Lindsay J. Starkey’s Encountering Water in Early Modern Europe and Beyond, published in 2020 by Amsterdam University Press, considers the manner in which many Europeans “from the patristic period through the sixteenth century” thought of water. “Both the Book of Genesis and Aristotle’s Meteorology provided explanations of how water related to the earth,” she writes, “including why water did not currently submerge dry land.”  The book is an unusual look at a forgotten episode of science being blended with scripture. The first ten verses of Genesis of course speak of water and its place. So does Aristotle. Both suggested that there should be a lot more water around—and that somehow humanity is being, as Starkey puts it, “spared the experience of living like fish”. Many writers put Genesis and Aristotle together to conclude that God was miraculously holding the water back. Martin Luther, for example, argued that, for this reason, the miraculous power and presence of God is displayed to us today just as clearly as it was to the Israelites at the parting of the Red Sea.

From the publisher:

Both the Christian Bible and Aristotle’s works suggest that water should entirely flood the earth.
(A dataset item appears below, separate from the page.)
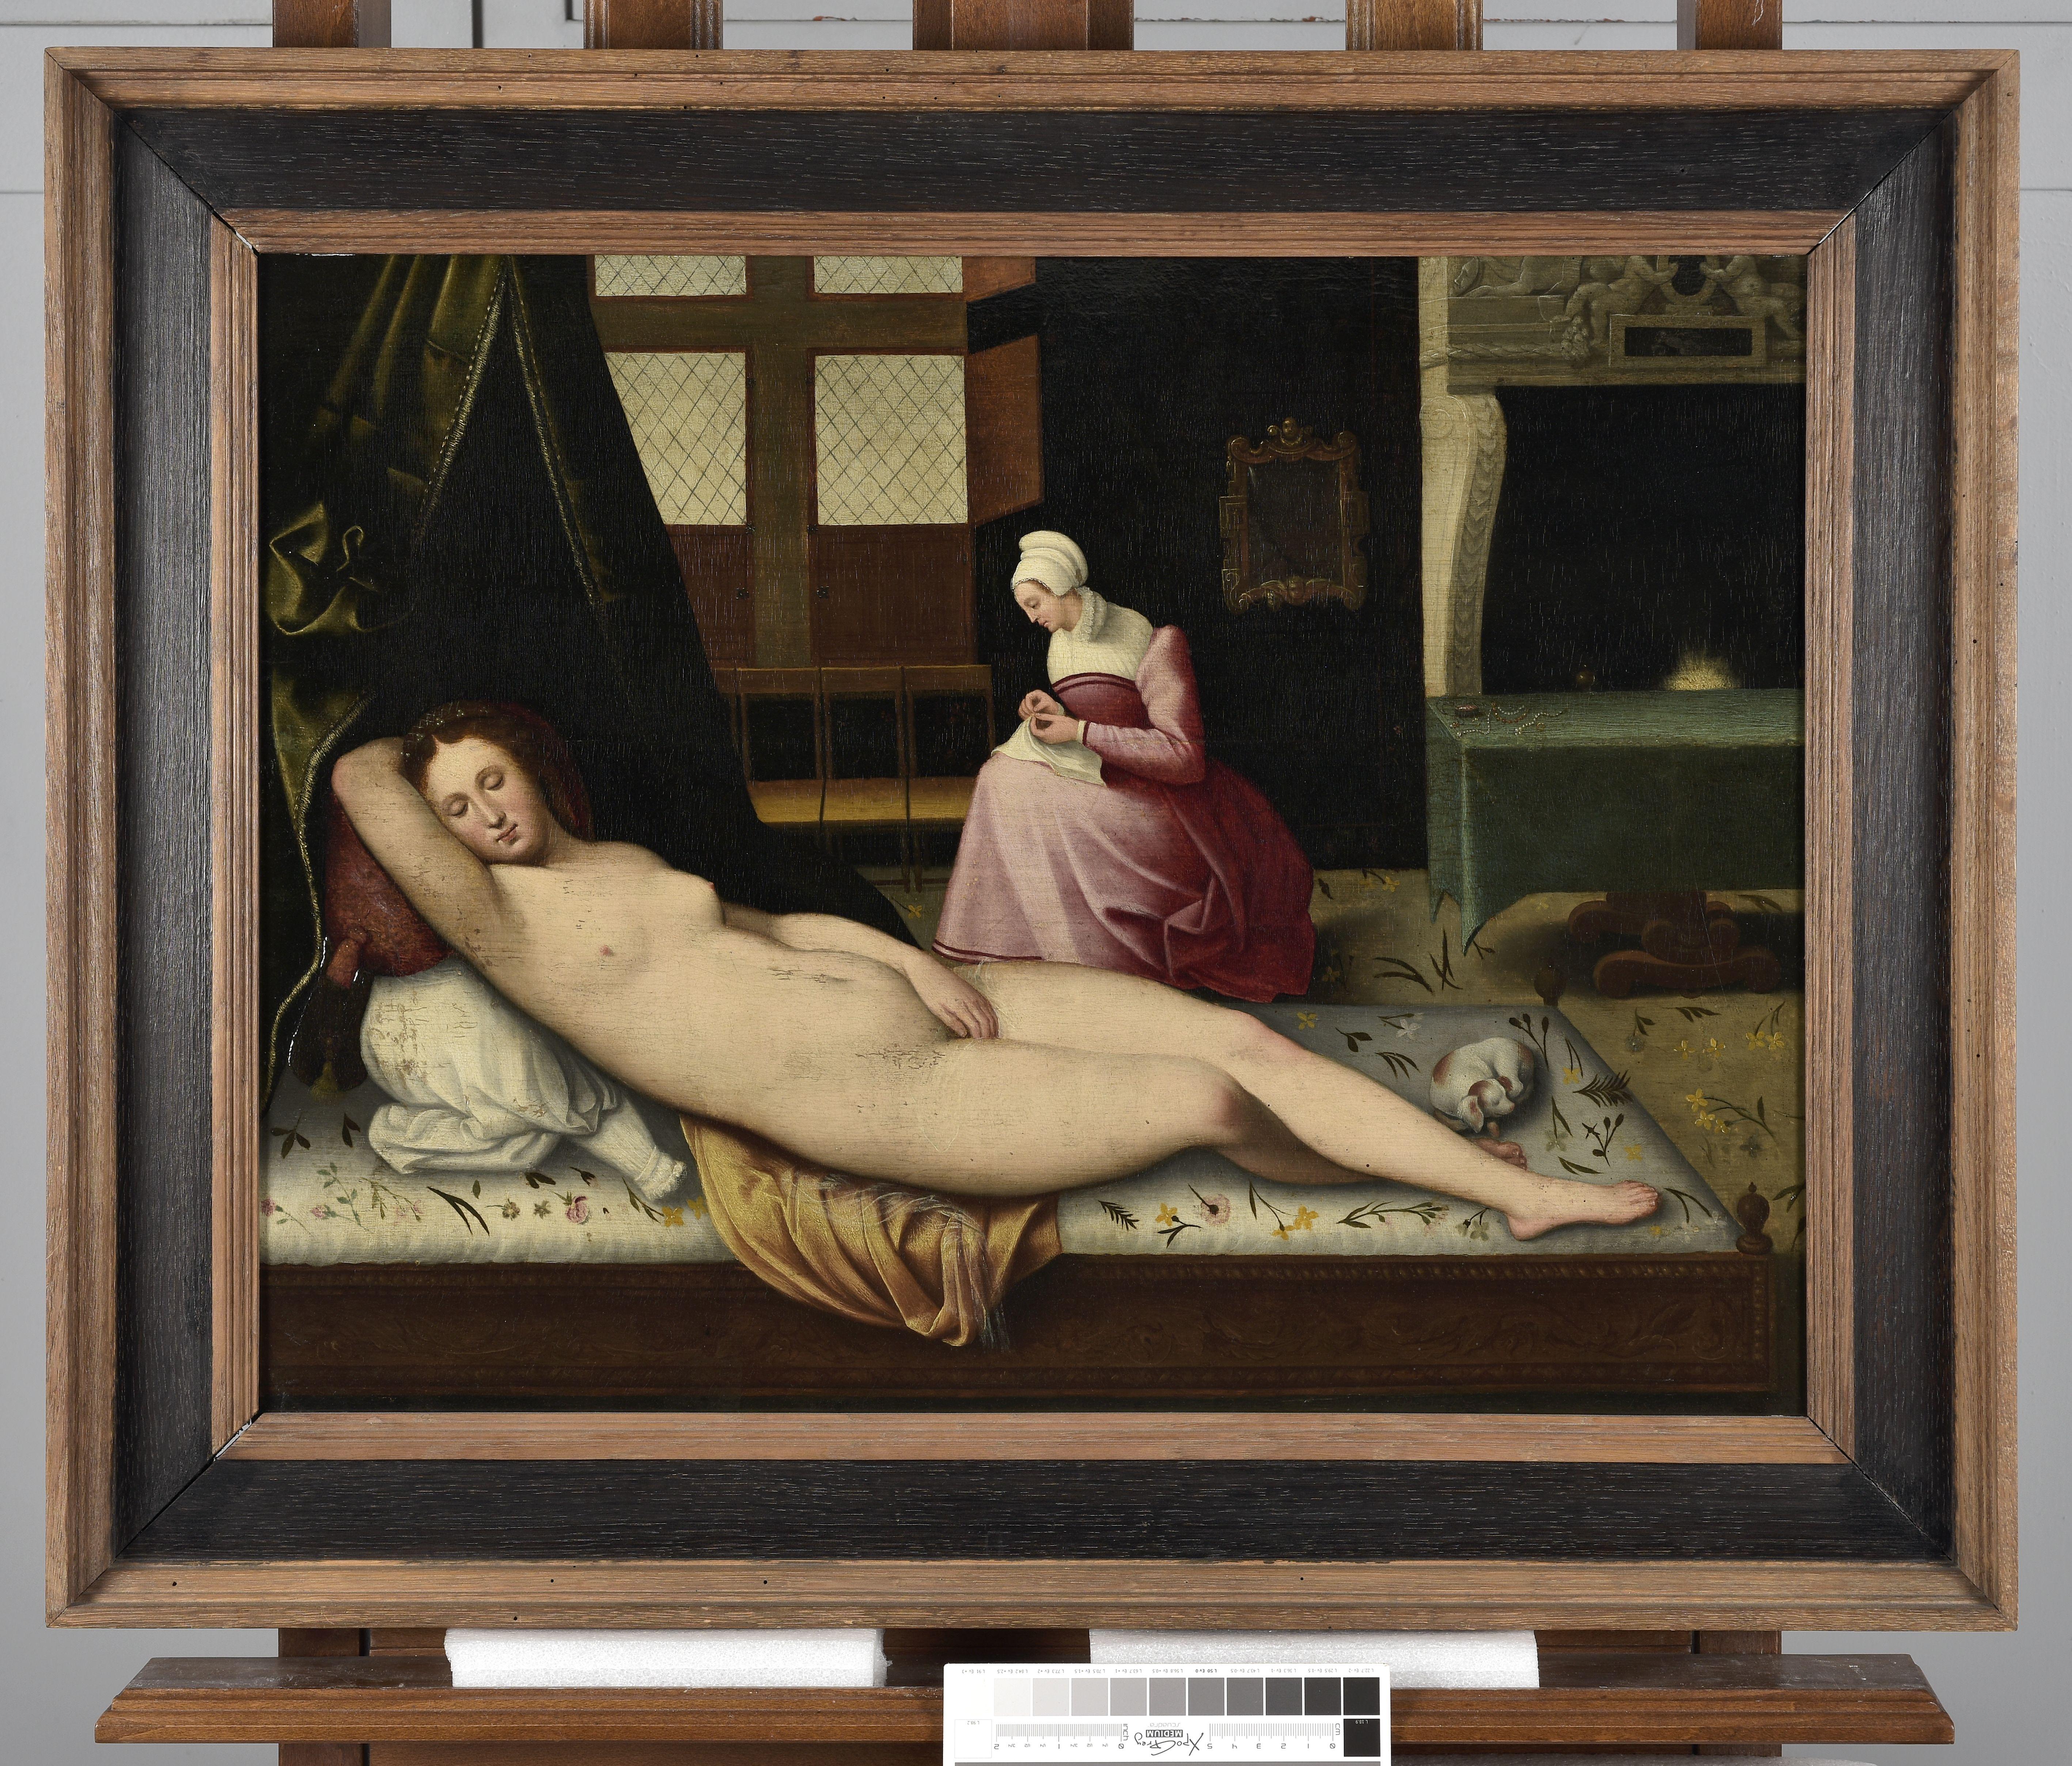 mnr/MNR00496/MNR496-Titien_ecole_de_Fontainebleau_Venus_couchee_mba_2112_-copyright-Musees_de_Strasbourg_M_Bertola-2017.jpg
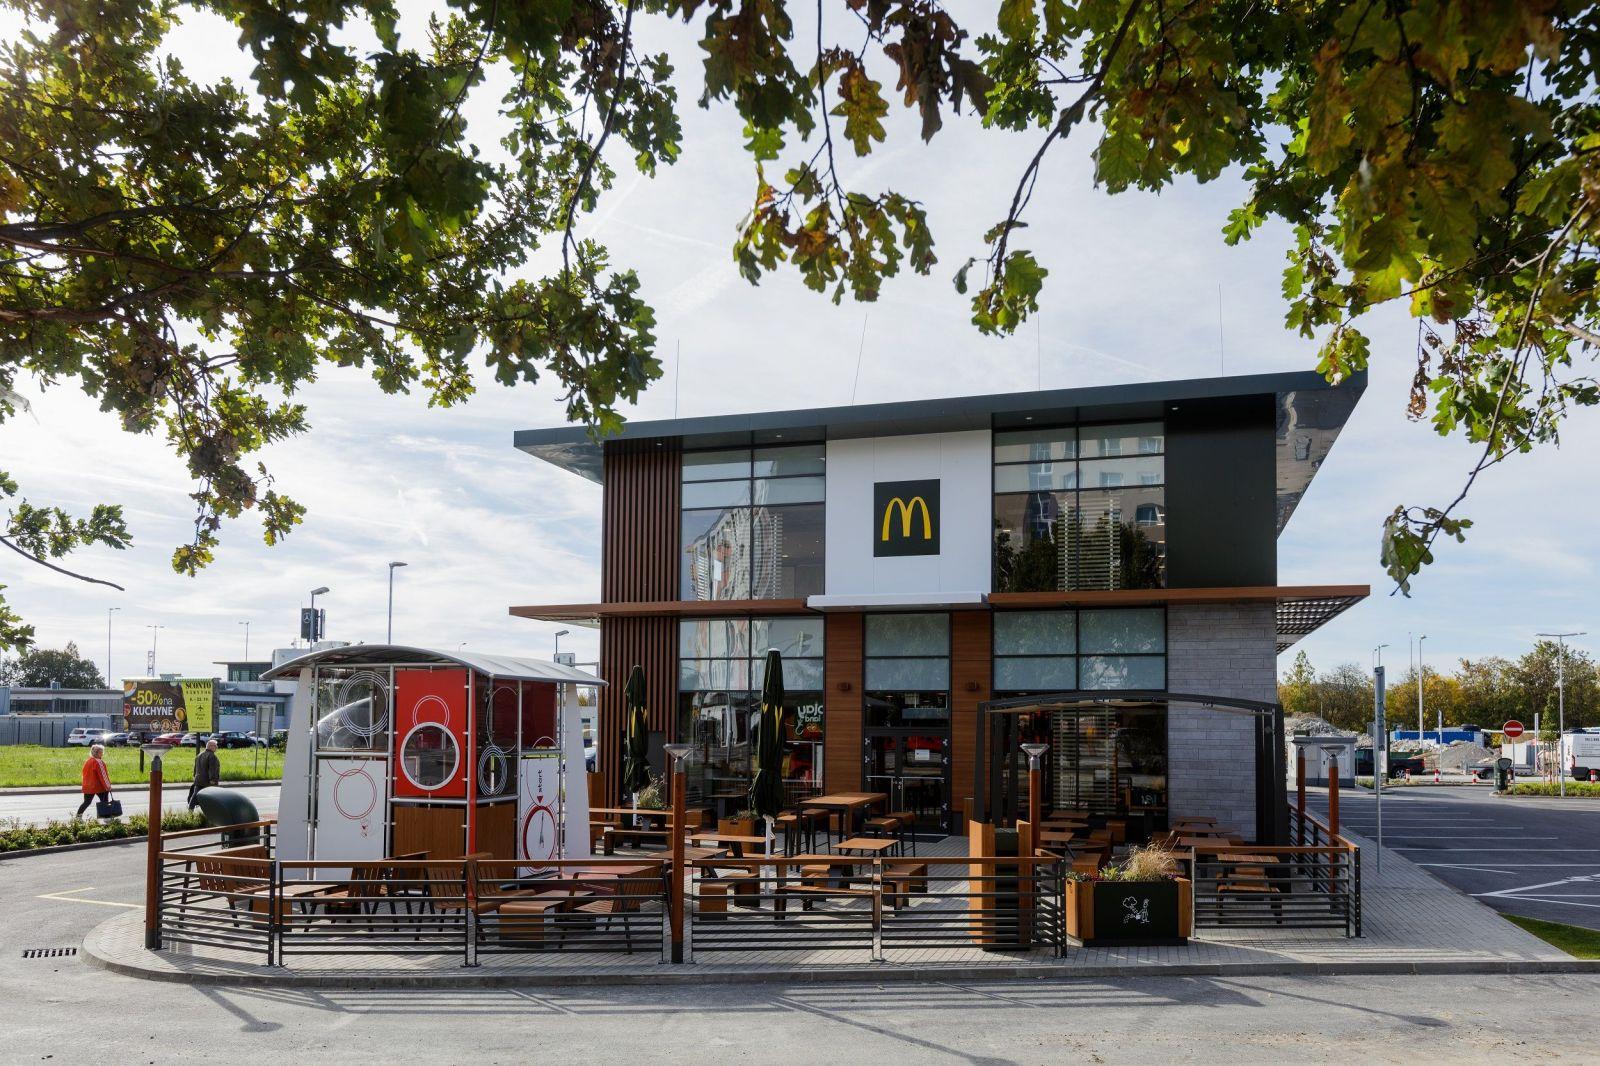 McDonald's začínal na Slovensku s prevádzkou v Banskej Bystrici, dnes ich má 35 a zamestnáva 2 600 ľudí

Though many ancient, medieval, and early modern Europeans relied on these works to understand and explore the relationships between water and earth, sixteenth-century Europeans particularly were especially concerned with why dry land existed. This book investigates why they were so interested in water’s failure to submerge the earth when their predecessors had not been. Analyzing biblical commentaries as well as natural philosophical, geographical, and cosmographical texts from these periods, Lindsay Starkey shows that European sea voyages to the southern hemisphere combined with the traditional methods of European scholarship and religious reformations led sixteenth-century Europeans to reinterpret water and earth’s ontological and spatial relationships. The manner in which they did so also sheds light on how we can respond to our current water crisis before it is too late.

The book is available electronically through many libraries.